UPS Lowers 4Q Earnings Forecast on Holiday Costs
“While [domestic] package volume and revenue results were in line with expectations, operating profit was negatively impacted by higher-than-expected peak-related expenses,” the statement said. UPS also said 2015 earnings would be “slightly below” its prior full-year target of 9% to 13% profit growth.
UPS added 95,000 seasonal workers, 73% more than 2013, and spent $500 million to expand network capability with the expectation of increased volume. However, demand didn’t match expectations during the 2014 holidays, except for two days, the statement said.
UPS geared up to meet increased demand after thousands of post-Christmas deliveries in 2013 because its network couldn’t handle surges of online and other orders.

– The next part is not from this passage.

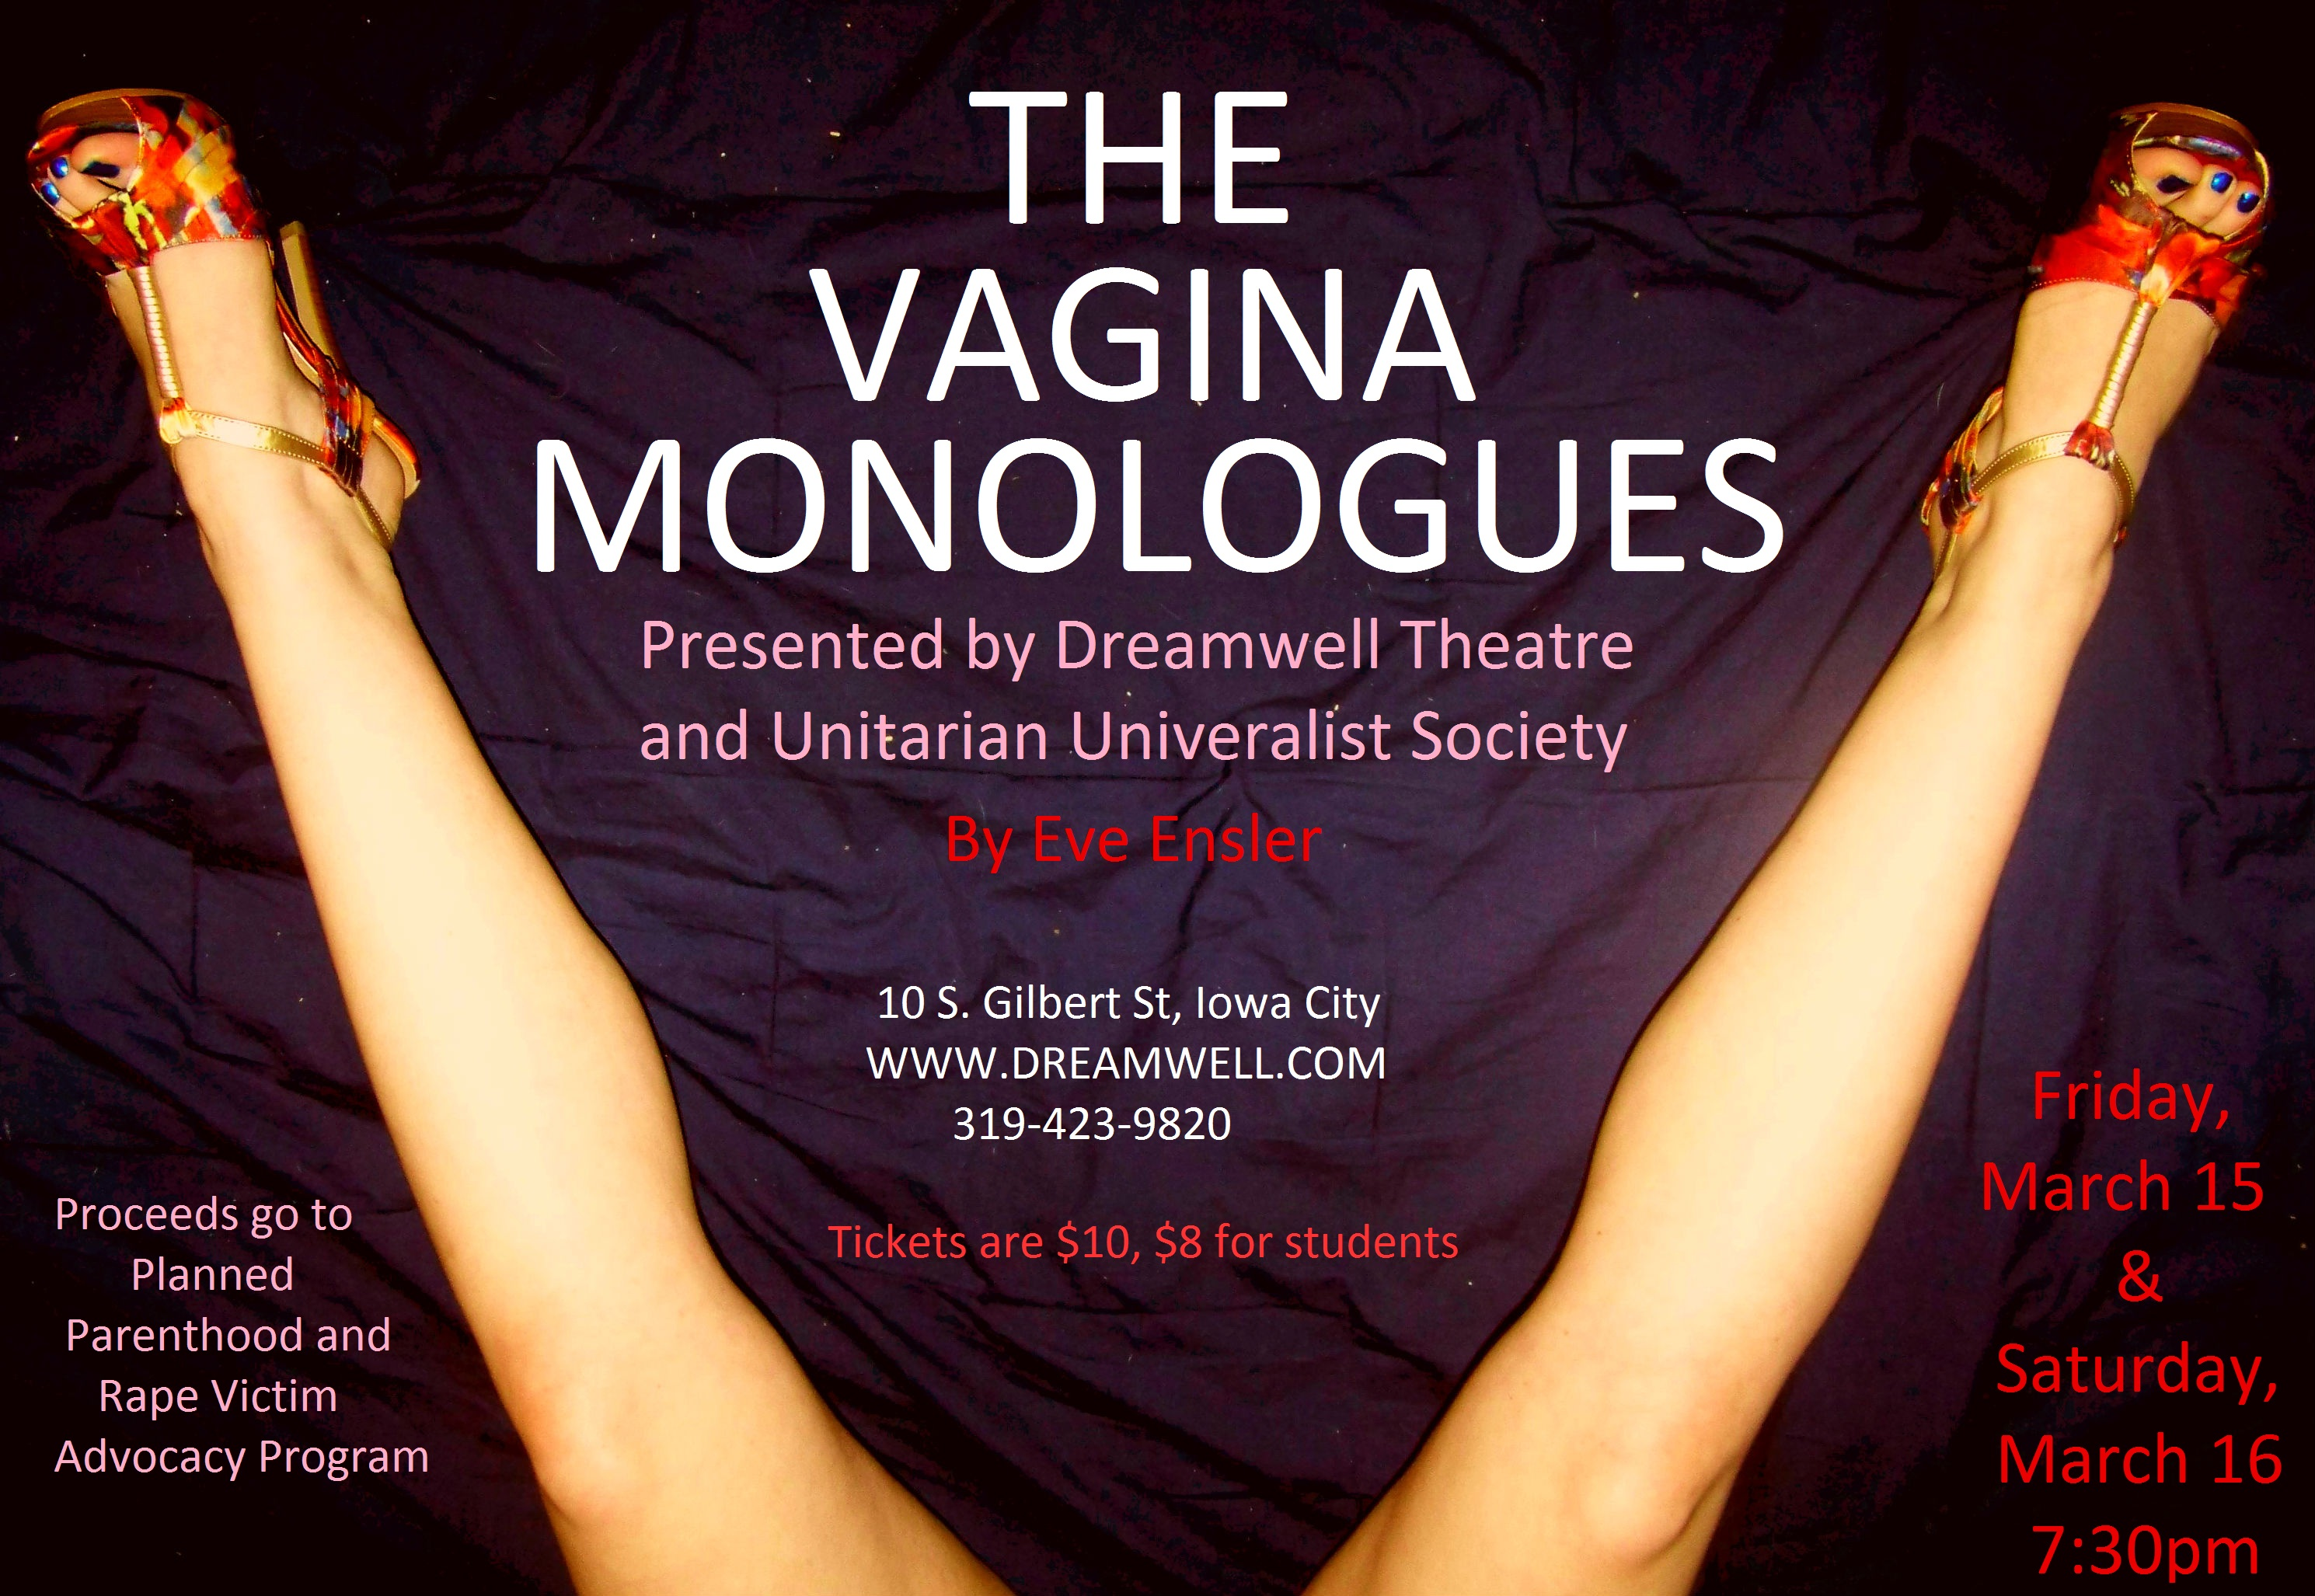 The Vagina Monologues - VDAY   Hebdenbridge.org
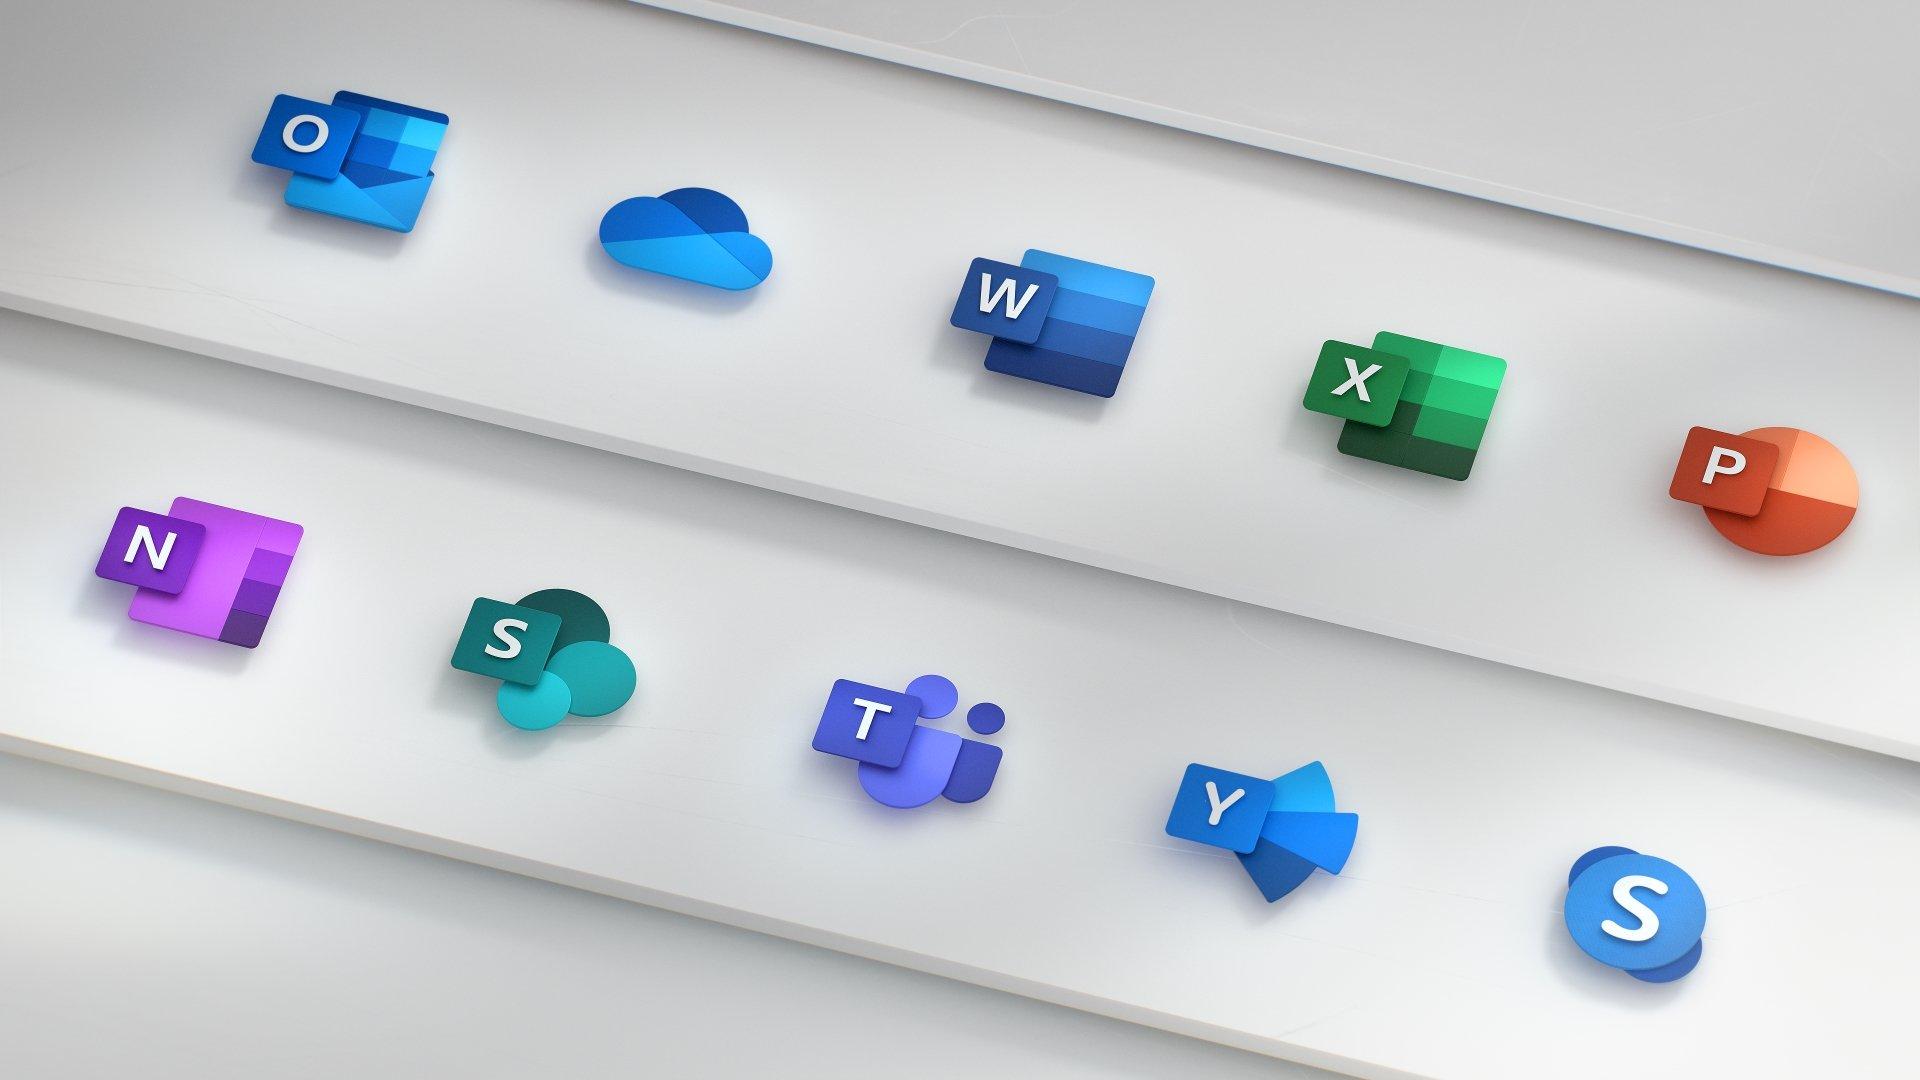 ícones do office

The Atlanta-based company was expected to earn $1.47 per share in the fourth quarter, based on the average analyst estimate compiled by Bloomberg News.
UPS, which ranks No. 1 on the Transport Topics Top 100 list of the largest U.S. and Canadian for-hire carriers, also said net income will be $4.75 per share for 2014.
“Clearly, our financial performance during the quarter was disappointing,” CEO David Abney said. “UPS invested heavily to ensure we would provide excellent service during peak when deliveries more than double.
“Though customers enjoyed high-quality service, it came at a cost to UPS. Going forward, we will reduce operating costs and implement new pricing strategies during peak season.”
Costs also rose because of training, overtime and rates charged by contract carriers.
The company said “the network was somewhat disrupted by volume fluctuations caused by the West Coast port dispute,” without giving details. The statement also said that the supply chain and freight business that includes international ocean shipping performed “in line” with expectations during the quarter, also without specific information.
Pension costs and currency adjustments are expected to hurt 2015 results, the statement said. During the fourth quarter, the company also had pension and health care related costs that hurt earnings, the statement said.